У британских историков-вигов с Симоном де Монфором большая проблема: «основатель английской свободы» был иностранцем. Разумеется, его можно представить как «иммигранта», переселившегося из Франции и ставшего, как это часто бывает с иммигрантами, патриотом своей новой Родины. Однако в реальности Симон де Монфор был привязан к Англии ничуть не более, чем к Франции. Он вообще служил не Англии и не Франции, а династическому государству Плантагенетов, где Гасконь была не менее органичной частью, чем Йоркшир. Собственно и его конфликт с королевской властью начался с того, что будучи представителем центра в Гаскони, пытаясь унять своеволие феодалов и навести порядок в городах, он не только не получил ожидаемой поддержки из Лондона, но и был, по существу, предан двором. Именно верность династическому государству предопределила в конечном счете крушение де Монфора. Став фактическим диктатором Англии, он не решился посягнуть на монархию, с которой отчаянно боролся. И дело не только в том, что, будучи человеком Средневековья, он не мог представить себе крупного государства иначе как монархическим, но и в том, что даже смена династии – явление далеко не редкое в тогдашней Европе – была для него невозможна: вместе с Плантагенетами исчезало бы само государство, которому он служил.

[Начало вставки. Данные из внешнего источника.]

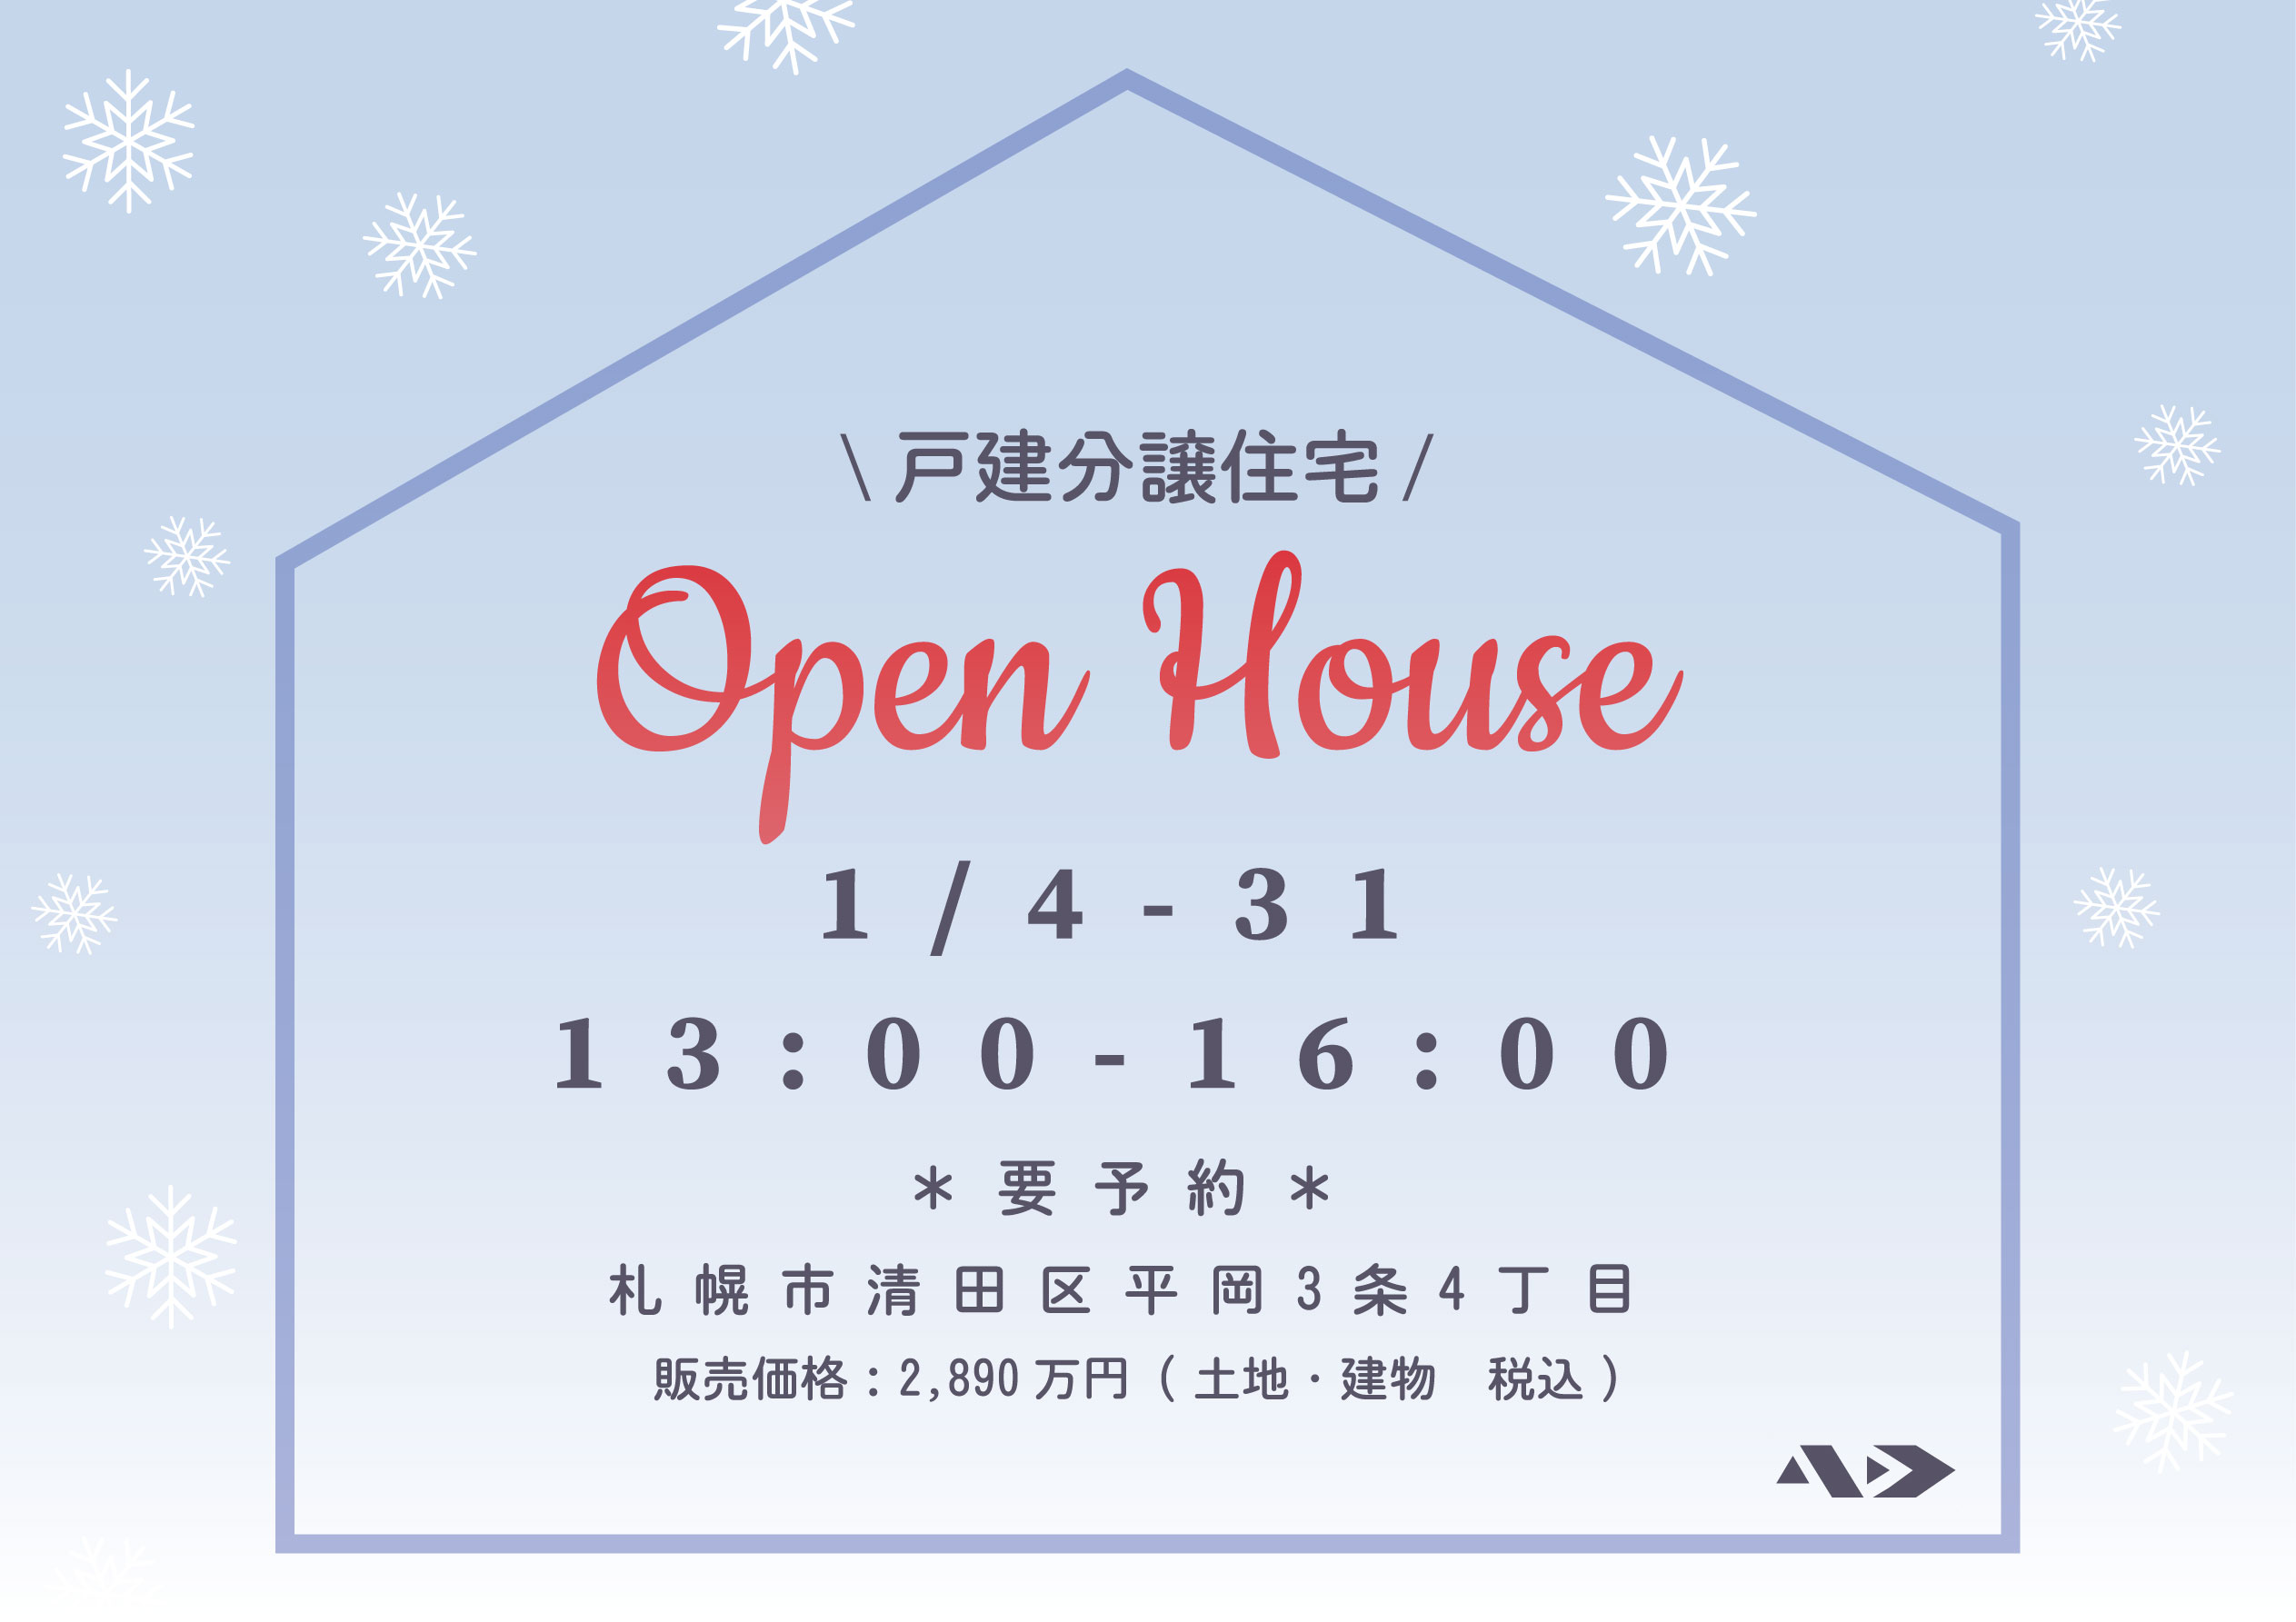 OPEN HOUSE at 清田区平岡3条4丁目

Реформа государства не в последнюю очередь оказалась реформой финансового управления. Главное, чего требовала буржуазия растущих городов от монархии, был контроль над налогами и расходами правительства. Именно эта функция для средневековых парламентов была важнейшей. И этого же требовали сто лет спустя французские реформаторы, пытавшиеся поставить под контроль выборных представителей сословий административную и финансовую деятельность парижского двора.

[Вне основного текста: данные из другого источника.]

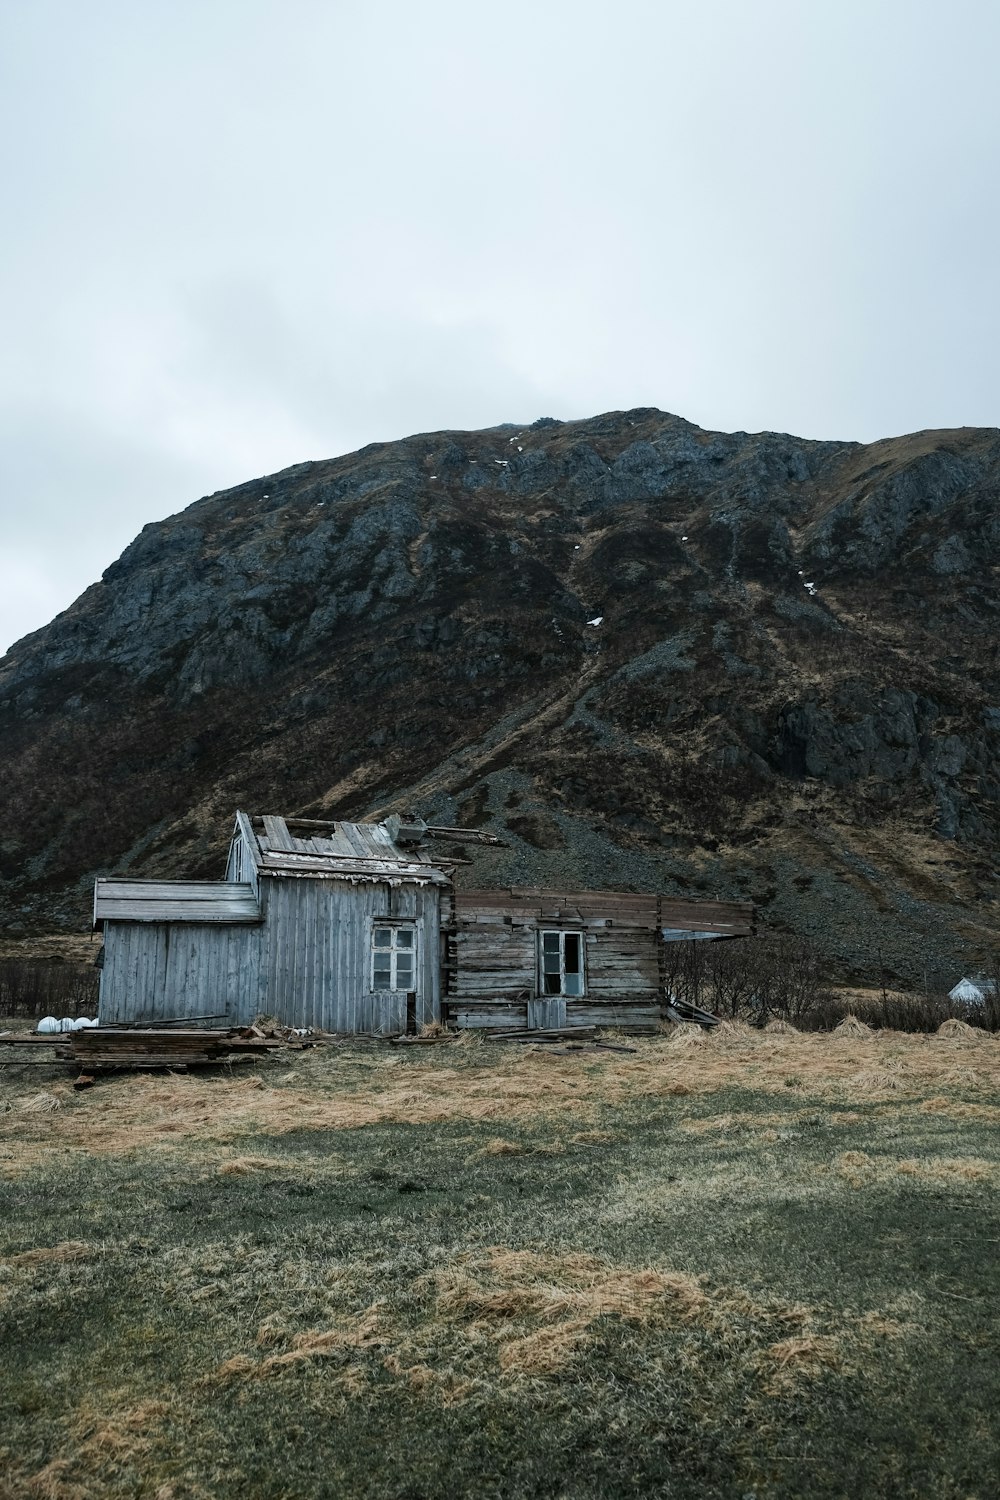 an old shack in a field with a mountain in the background

Если развитие денежной экономики позволяло королям создавать на платной основе собственный управленческий аппарат, то, в свою очередь, потребность казны в деньгах видоизменяла жизнь и городов, и деревни. Разделение труда между ними вновь становится движущей силой хозяйственного развития, способствуя технологическим новациям и распространению денег. В советском учебнике по истории Средних веков, изданном в 1960-е годы, внимание детей неизменно привлекала картинка, призванная иллюстрировать раздел о «натуральном хозяйстве»: в сельской кузнице рыцарь примеривал только что изготовленные блестящие латы. Доспехи рыцаря были изображены в соответствии с образцами XV века. Изготовить столь сложное изделие в сельской кузнице, занимавшейся производством подков и ремонтом простейшего сельскохозяйственного инвентаря, было совершенно невозможно. Даже качественную кольчугу могли сделать только специализирующиеся на этой работе профессионалы. Примитивные доспехи, изготавливавшиеся «домашним способом», представляли собой ряды металлических пластинок, нашитых на ткань. Но к XIII веку такое вооружение не давало рыцарю ни надежной защиты, ни даже превосходства над пешими ополченцами.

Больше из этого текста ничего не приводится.